A key principle of the Advertising Code is that ads should be obviously identifiable as ads. In most cases it’s clear; whether it’s on TV, a poster on the side of a bus shelter, in a magazine or newspaper, or online, we know an ad when we see one. This is usually because of the context the ad appears in – it’s often clearly in advertising space, like the commercial break on TV or it’s sitting entirely on a company’s website. Sometimes, however, it’s not always obvious, in particular on digital media platforms, which is why our ruling involving a series of YouTube videos by vloggers serves as a timely reminder of the importance of advertisers being up front and clear with an audience when they’re advertising to them.

What’s a vlog or a vlogger? Vlog is essentially shorthand for ‘video blog’. Vloggers are the people who write and/or appear in a vlog.

How does a vlog become an ad? It’s all about payment and control. Where an advertiser has paid for and has editorial control over content produced by a third party, in this case the vlogger’s YouTube videos, this has to be made clear upfront.

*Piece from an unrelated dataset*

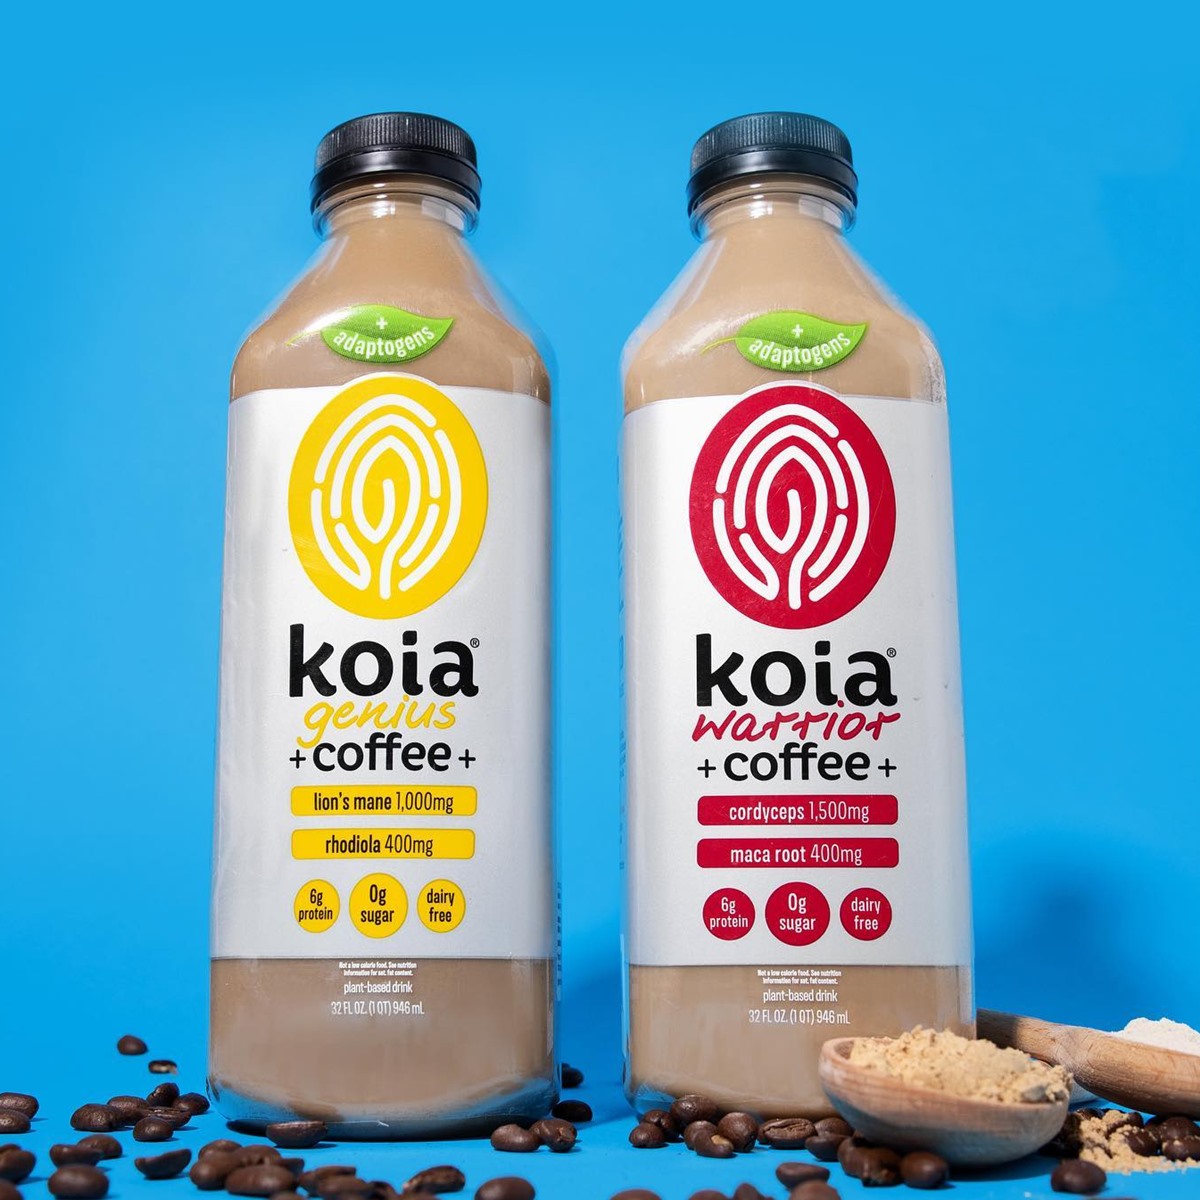 Koia Coffee Drinks Reviews and Info - Adaptogen line with herbs, MCT oil, and plant-based protein - all dairy-free, gluten-free, and allergy-friendly

Why is it important to make clear an ad is an ad? It’s important that we understand when we’re being marketed to so that we can make informed decisions about what we’re being told. Plus if it’s appearing in a format that we’d normally expect to be non-promotional, we should be told up front about whether it’s an ad so that we can decide whether we want to continue viewing. In simple terms, it’s not fair to falsely promote a product.

Our ruling against Mondelez UK Ltd sets out why the advertiser got it wrong. It involved five YouTube videos, presented by vloggers, who encouraged viewers to participate in a ‘Lick Race’ challenge in which people compete to lick cream off an Oreo cookie as quickly as possible. The problem was the videos didn’t clearly indicate that there was a commercial relationship between the advertiser and the vloggers.

In this casebecause the ads were on online video channels that were usually non-promotional, the commercial intent should have been made clear before viewers clicked on the content.

As outlined last year in our ‘Blurring advertising and blogs’ piece, it’s perfectly legitimate for vloggers (or bloggers, tweeters etc) to enter into a commercial relationship and be paid to promote a product, service or brand. We’re not here to regulate that relationship or to stop vloggers earning money. But when that commercial relationship is in place then the onus is on the advertiser, and by extension the vlogger, to be upfront about it and clearly disclose the fact that they’re advertising.

We’re going to be communicating clearly to advertisers the outcome of this ruling and raising awareness amongst vloggers of the need to disclose when the content of their blogs is paid for. We’re also encouraging advertisers or vloggers who are unsure about the rules to take advantage of our free advice and guidance, including on “Video Blogs” “Recognising marketing communications” “Celebrities”, “Remit: Affiliate Marketing”.

Ultimately, it pays to be honest. Vloggers build their fan base on the originality and authenticity of the material they produce. It’s potentially damaging to their reputation to be found to have hidden the fact that the content they’re producing is paid for and controlled by an advertiser. It’s important to note that, if advertisers and vloggers aren’t upfront, not only could they be in breach of the Advertising Code, they could also be breaking the law. By dealing fairly and honestly with their followers vloggers can enjoy the benefits of their commercial relationships with advertisers without alienating their fan base.